Waiting in line backstage after Raf Simons’s show last night, one guest murmured to another, “That was great.”
The guest nodded. “Finally,” he said.
There have been some sparky collections this season — you’d have to put Rick Owens and Comme des Garçons in that group; Louis Vuitton, too — but Mr. Simons seemed to really punch it up. A number of designers have done things with layering; his long striped knits under jackets suddenly looked very different. And a lot of designers have focused on sharp tailoring and classic details (John Galliano, Kim Jones at Dunhill). Mr. Simons, too, offered tailoring, but he replaced traditional buttons, in, say, horn or brass, with metal press buttons. They gave his suits in charcoal and loden check a graphic element that was also functional and modern looking. Maybe that’s why another guest after the show said: “Modern ‘Mad Men.’”

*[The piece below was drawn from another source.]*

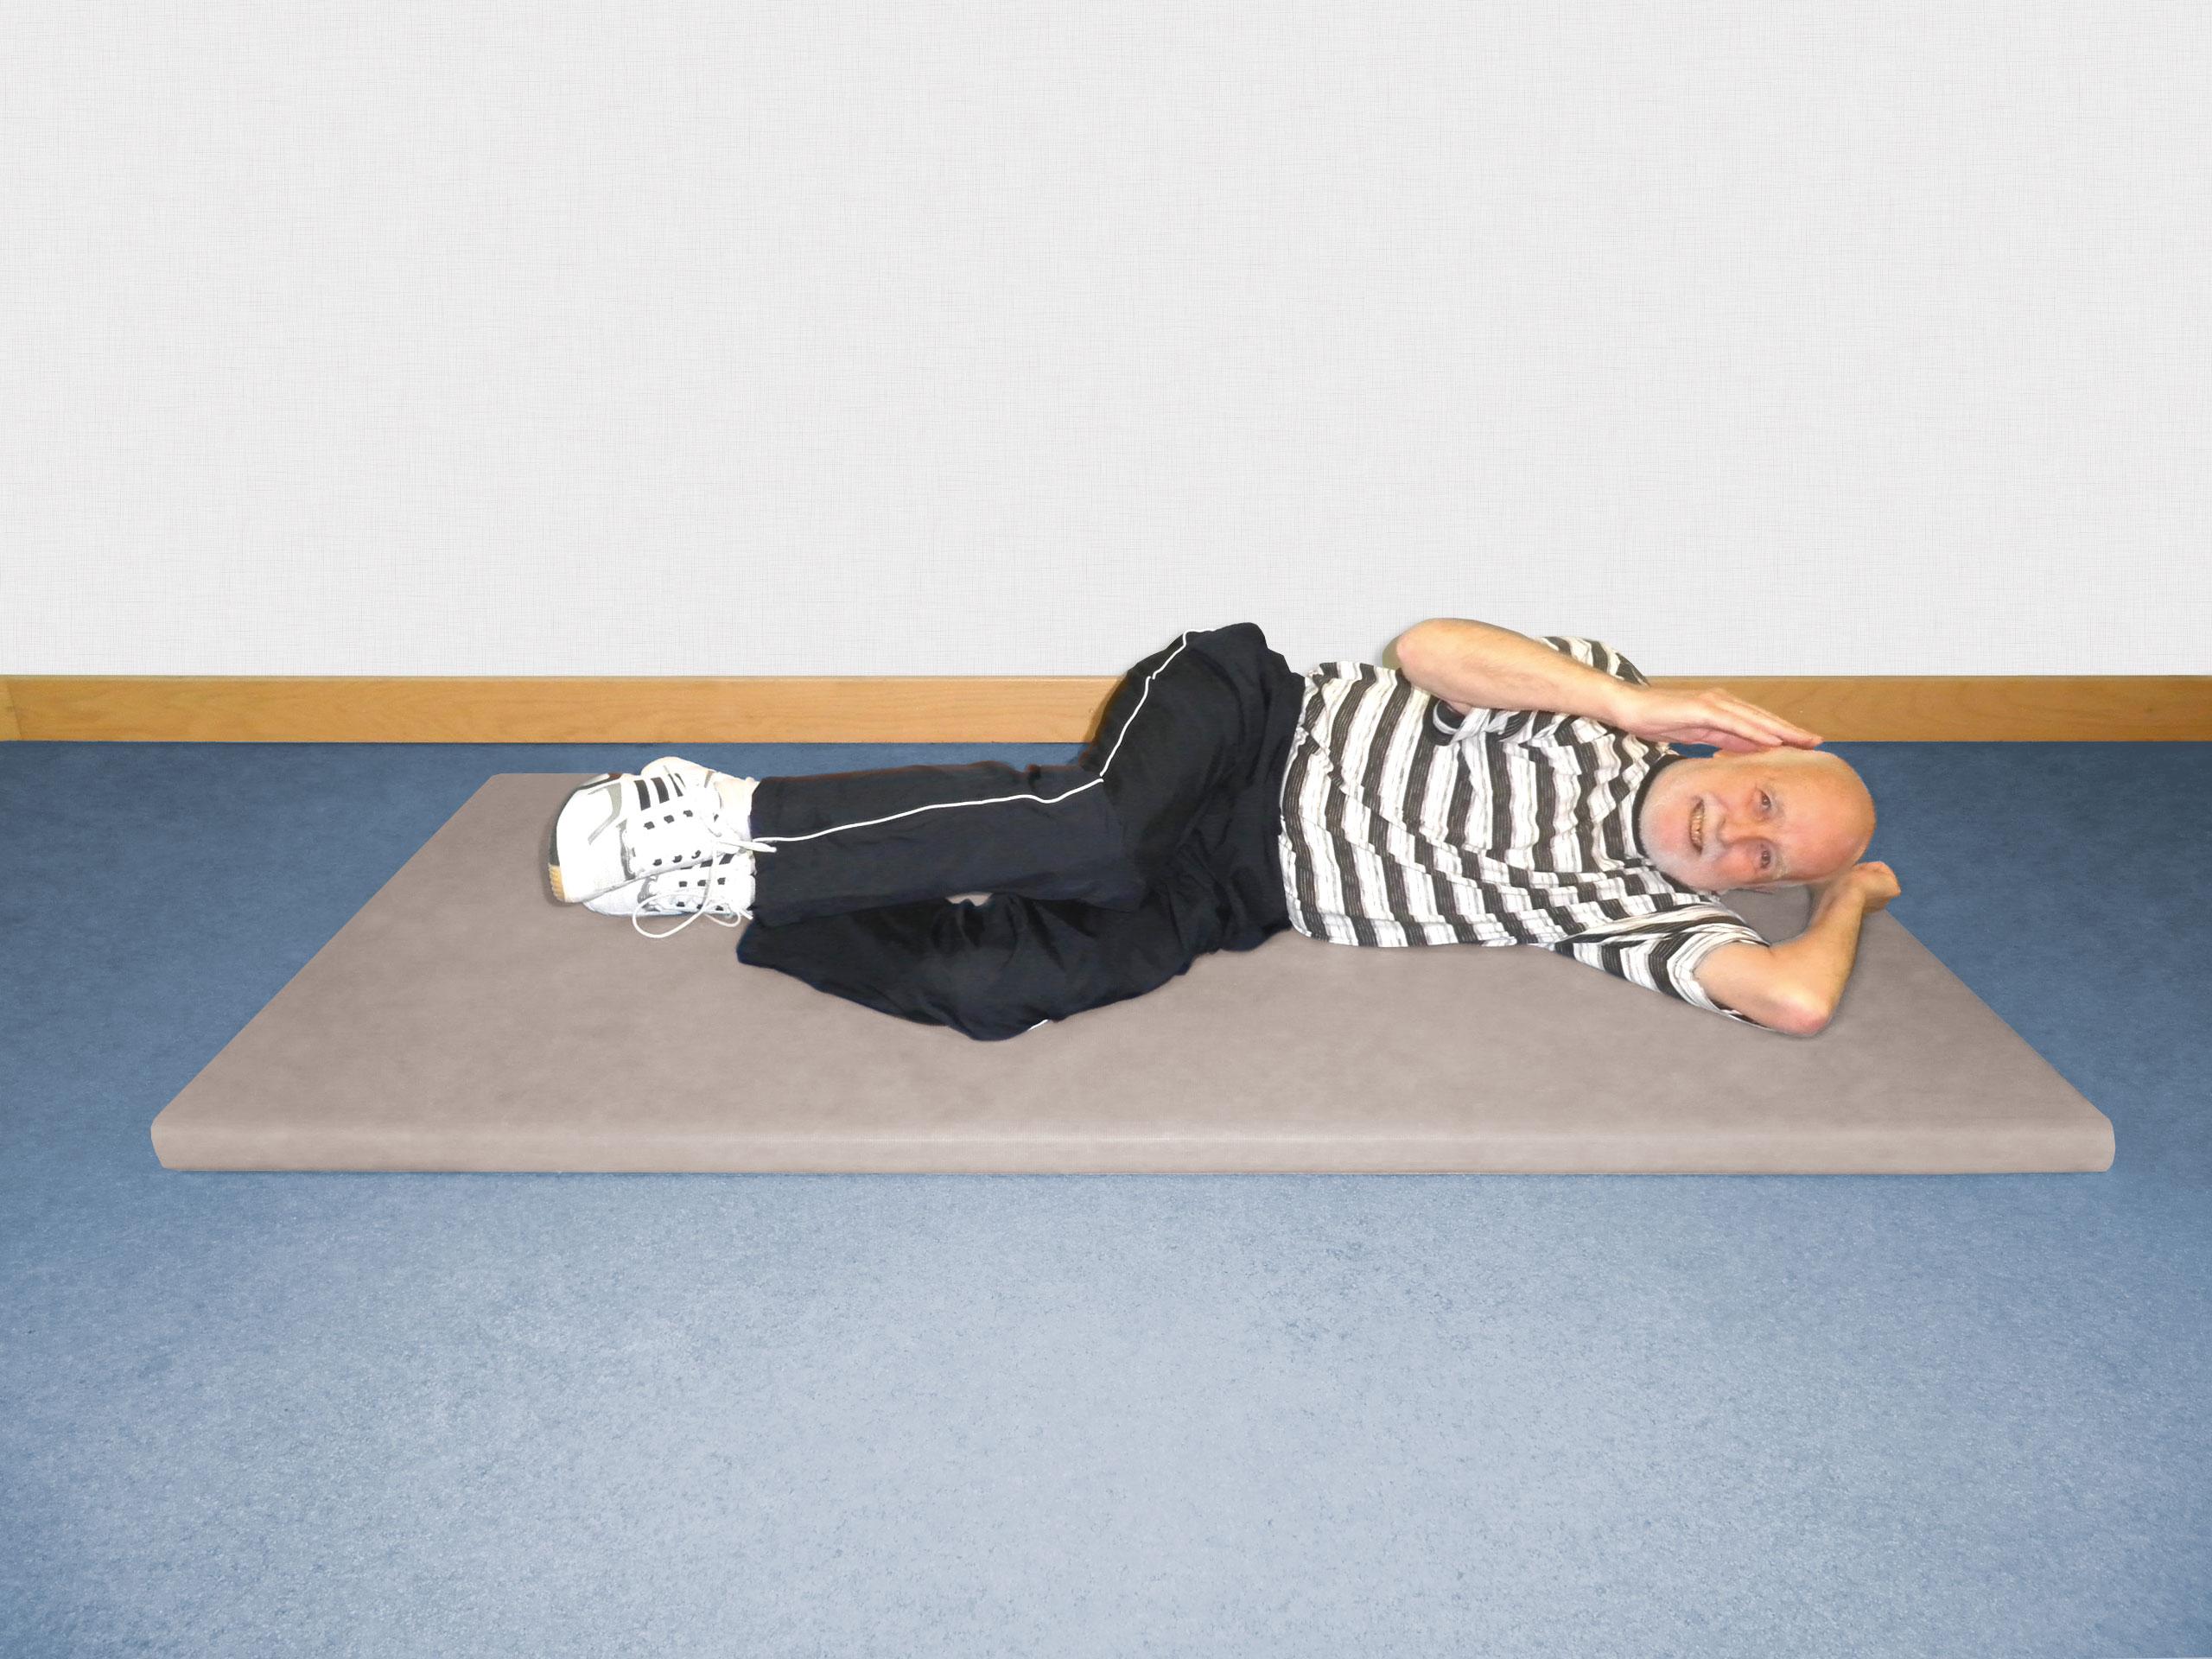 prostata trainieren

The clothes had classic snap—you can’t get more traditional than loden or a wide sports stripe in navy, yellow or maroon—but Mr. Simons wants to make fashion, and last night there was always that riveting quality of something extra and challenging. So the three-color loden plaid suit had graphic red stripes (the material was Velcro) around the sleeves and down the back. The knit layers at first suggested a skirt, but the idea wasn’t really defined (as it was at Givenchy). Nor was the reference to an Asian or Middle Eastern culture. In fact, Mr. Simons said afterward that the layers were a connection to things that Helmut Lang once did in his show. Mr. Lang is one of his fashion icons. And the striped knits referred to another icon, Jean Paul Gaultier.
Mr. Simons said his two most recent collections had a lot to do with the early days of his career, in the mid ’90s, when his goal was to create tailoring for young men. “Now we see the real modern Raf Simons man — someone interested in tradition but also high fashion,” he said.